The basic algorithm goes like this, given a tree (hierarchy) that looks roughly like
this (forgive the ASCII art--I hope you are using a fixed font to view this):
a
/ \
/ \
/ \
b c
/ \ /|\
/ \ / | \
/ \ / | \
d e f | g
Note, that the tree need not be balanced for this algorithm to work.

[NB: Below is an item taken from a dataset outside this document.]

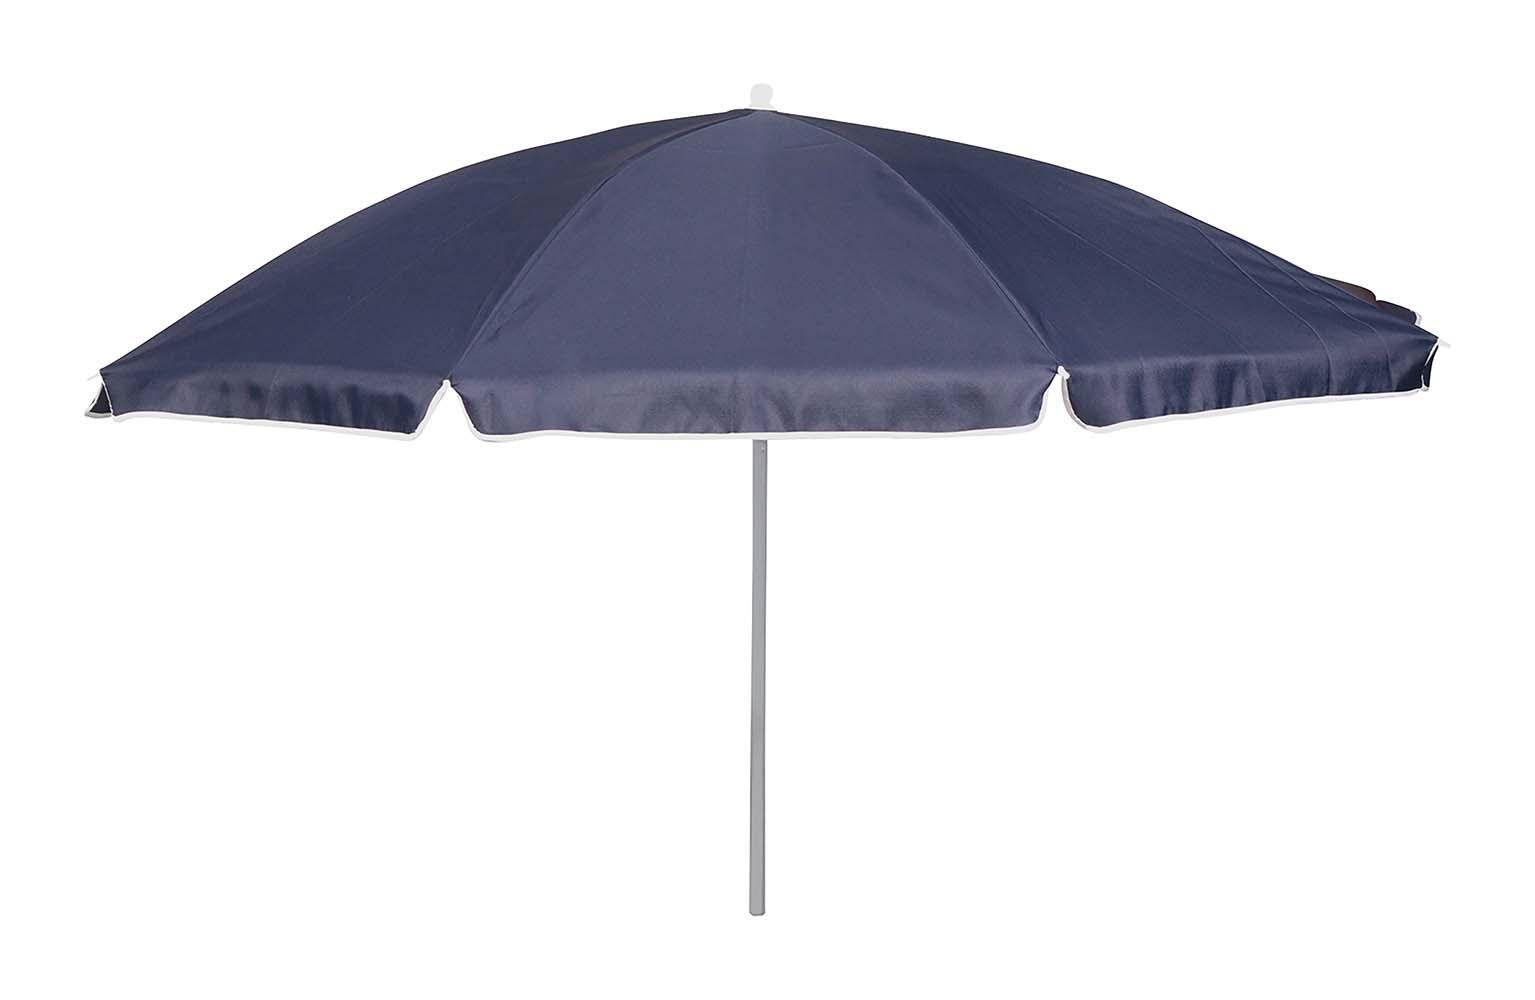 7267248 Een stevige parasol met stalen frame. Het 160 gr/m² polyester doek met UV-filter biedt bescherming tegen schadelijke zonnestraling. De steel is in hoogte verstelbaar en voorzien van een knikarm zodat het doek richting de zon kan worden gebogen. De steel van de parasol heeft een diameter van 25 millimeter.

The next step assigned two numbers to each node in the tree, called left and right
numbers, such that the left and right numbers of each node contain the left and right
numbers of the ancestors of that node (I'll get into the algorithm for assigning these
left and right numbers later, but, hint: use a depth-first search):
1a16
/ \
/ \
/ \
2b7 8c15
/ \ /|\
/ \ / | \
/ \ / | \
3d4 5e6 9f10 11g12 13h14
Side Note: The careful observer will notice that these left and right numbers look an
awful lot like a B-Tree index.
So, you will notice that all of the children of node 'a' have left and right numbers
between 1 and 16, and likewise all of the children of 'c' have left and right numbers
between 8 and 15. In a slightly more relational format this table would look like:
Table: hier
node parent left_nbr right_nbr
----- ------ -------- ---------
a NULL 1 16
b a 2 7
c a 8 15
d b 3 4
e b 5 6
f c 9 10
g c 11 12
h c 13 14
So, given a node name, say @node (in Sybase variable format), and you want to know all
of the children of the node you can do:
SELECT h2.node
FROM hier h1,
hier h2
WHERE h1.node = @node
AND h2.left_nbr > h1.left_nbr
AND h2.left_nbr < h1.right_nbr
If you had a table that contained, say, the salary for each node in your hierarchy
(assuming a node is actually a individual in a company) you could then figure out the
total salary for all of the people working underneath of @node by doing:
SELECT sum(s.salary)
FROM hier h1,
hier h2,
salary s
WHERE h1.node = @node
AND h2.left_nbr > h1.left_nbr
AND h2.right_nbr > h1.right_nbr
AND s.node = h2.node
Pretty cool, eh? And, conversely, if you wanted to know how much it cost to manage
@node (i.e. the combined salary of all of the boss's of @node), you can do:
SELECT sum(s.salary)
FROM hier h1,
hier h2,
salary s
WHERE h1.node = @node
AND h2.left_nbr < h1.left_nbr
AND h2.left_nbr > h1.right_nbr
AND s.node = h2.node
Now that you can see the algorithm in action everything looks peachy, however the
sticky point is the method in which left and right numbers get assigned. And,
unfortunately, there is no easy method to do this relationally (it can be done, it just
ain't that easy). For an real- world application that I have worked on, we had an external
program used to build and maintain the hierarchies, and it was this program's
responsibility to assign the left and right numbers.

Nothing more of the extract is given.